Ex-Barclays Banker Feared Bonus Cut During Financial Crash
Roger Jenkins in London, U.K. (Photographer: Luke MacGregor/Bloomberg)

Ex-Barclays Banker Feared Bonus Cut During Financial Crash

(Bloomberg) --

Former Barclays Plc executive Roger Jenkins joked that he cared more about his bonus than the lender’s future as the business came close to crumbling at the height of the 2008 financial crisis.

Jenkins was questioned in a London court Thursday by prosecutor Ed Brown, who played a phone call recording between Jenkins, fellow defendant Richard Boath and Jeff Weiss, then global head of Barclays’ financial institutions.
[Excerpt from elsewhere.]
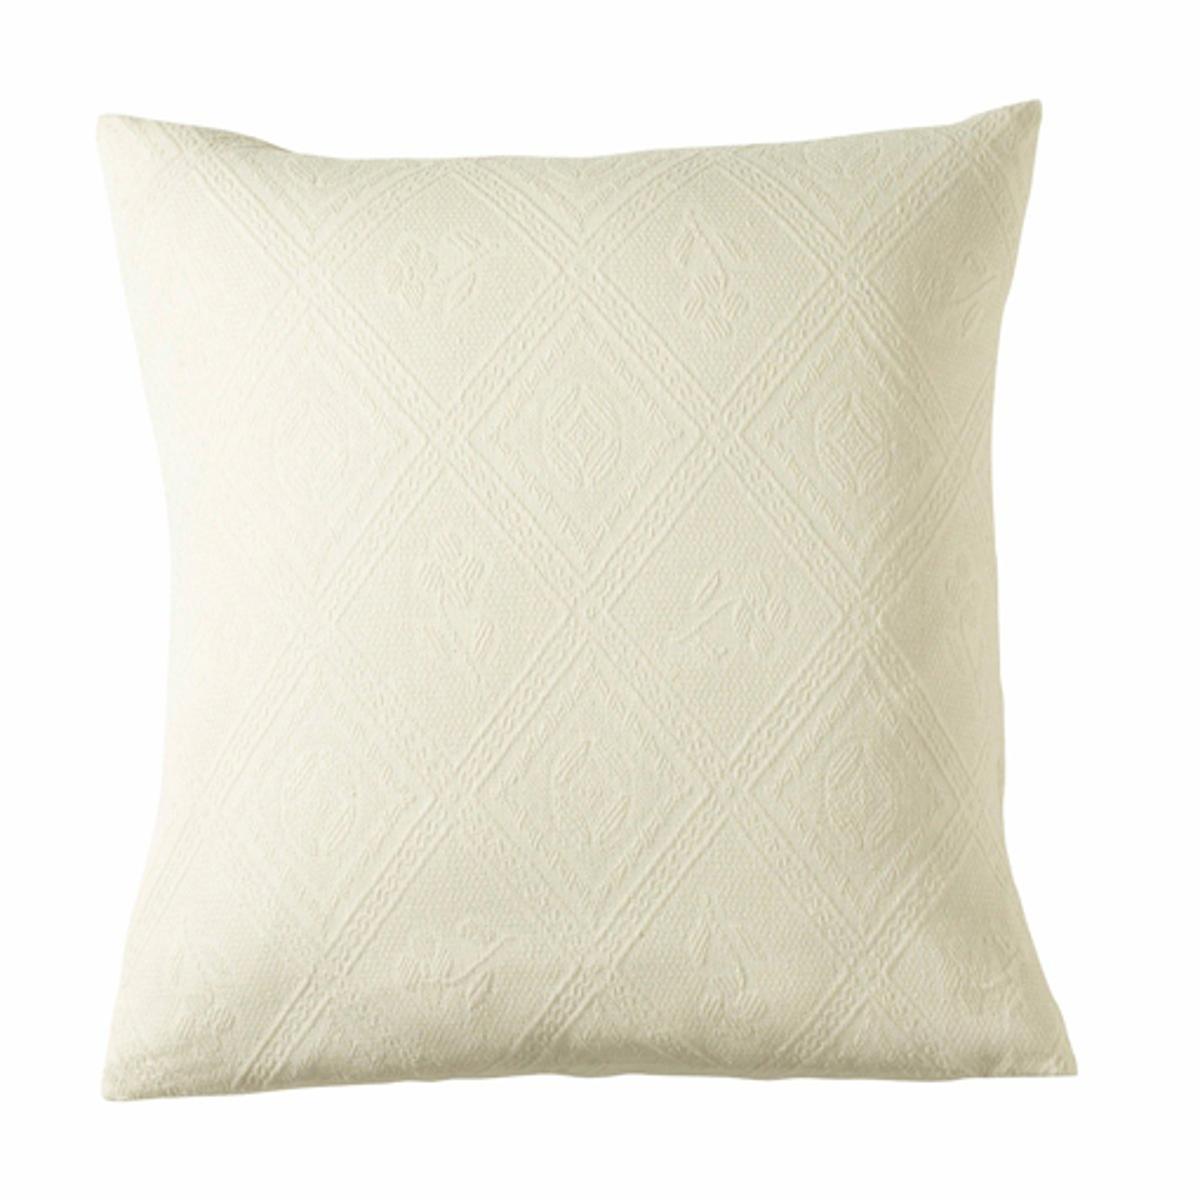 Чехол на подушку или наволочка из хлопковой жаккардовой ткани, INDO

The bankers discussed what might happen to their pay if the U.K. government took over the bank, at a time where nationalization was becoming a likely scenario.

Ex-Barclays Banker Feared Bonus Cut During Financial Crash

Jenkins, Boath and another former executive, Tom Kalaris, are on trial in London over allegations that they orchestrated 322 million pounds ($421 million) in hidden fees paid to Qatar in exchange for investing in Barclays. They deny the charges. Weiss hasn’t been accused of any wrongdoing.

“You were joking about your bonuses when the financial world was crumbling around you,” Brown said. “Was your approach to banking that Roger Jenkins is No. 1 here? It’s ‘I’m looking after myself in this world of high finance’ and in your words, ‘I don’t give a f**k about the bank.’”

Jenkins dismissed Brown’s questioning, although he was obviously disturbed by it.

“It’s a mindset that you have to adopt to enable you to negotiate well otherwise you get emotional,” Jenkins said. “I had a heart attack on Aug. 5 and was instructed to get out of my bed, leave family on Aug. 29 and come back to work to help this bank survive. I don’t think I have to answer the question.”

Qatar invested 4 billion pounds in Barclays as part of capital raisings in June and October 2008. As well as investment fees of 1.5%, Barclays agreed to pay Qatar the 322 million pounds as part of two advisory agreements. The prosecutors at the Serious Fraud Office allege that those deals were fake and only designed to make the payments look legitimate.

Stomach Pump

In another phone call between Jenkins and Boath, the pair joked again about their bonuses potentially being cut as Jenkins watched the news on television. “Look at this: Bank bailout requires claw-back of many bonuses,” he said, reading out a headline.

“What happens if you’ve spent it?” Boath asked later in the conversation.

“I guess they’ll do a stomach pump,” Jenkins replied before laughing.

When questioned by Brown about the remarks, Jenkins said he was highly attuned to news about bonuses being cut because he was on a big pay packet and was trying to hire people who tended to focus on their compensation.

“This was a day, a period, a week in which there were discussions about wholesale redundancies in the financial services sector -- senior executives being let go, bonuses being cut,” Jenkins said. “I think sometimes we forget how dramatic that week was.”


The October capital raising was in focus during the cross-examination of Jenkins on Thursday. Referring to another phone call between Jenkins and Boath, where they discussed the Qatar deal, Brown said “it just rolled into the conversation and you didn’t seem to bat an eyelid that a fee we know for $39 million was going to be put into an advisory agreement.”

“We’ve seen how complex and how much anxiety was created by the first one and it’s like water off a duck’s back to you,” he said.

“The anxieties were sort of behind us,” Jenkins replied. “We’d been through the June, July hand wringing.”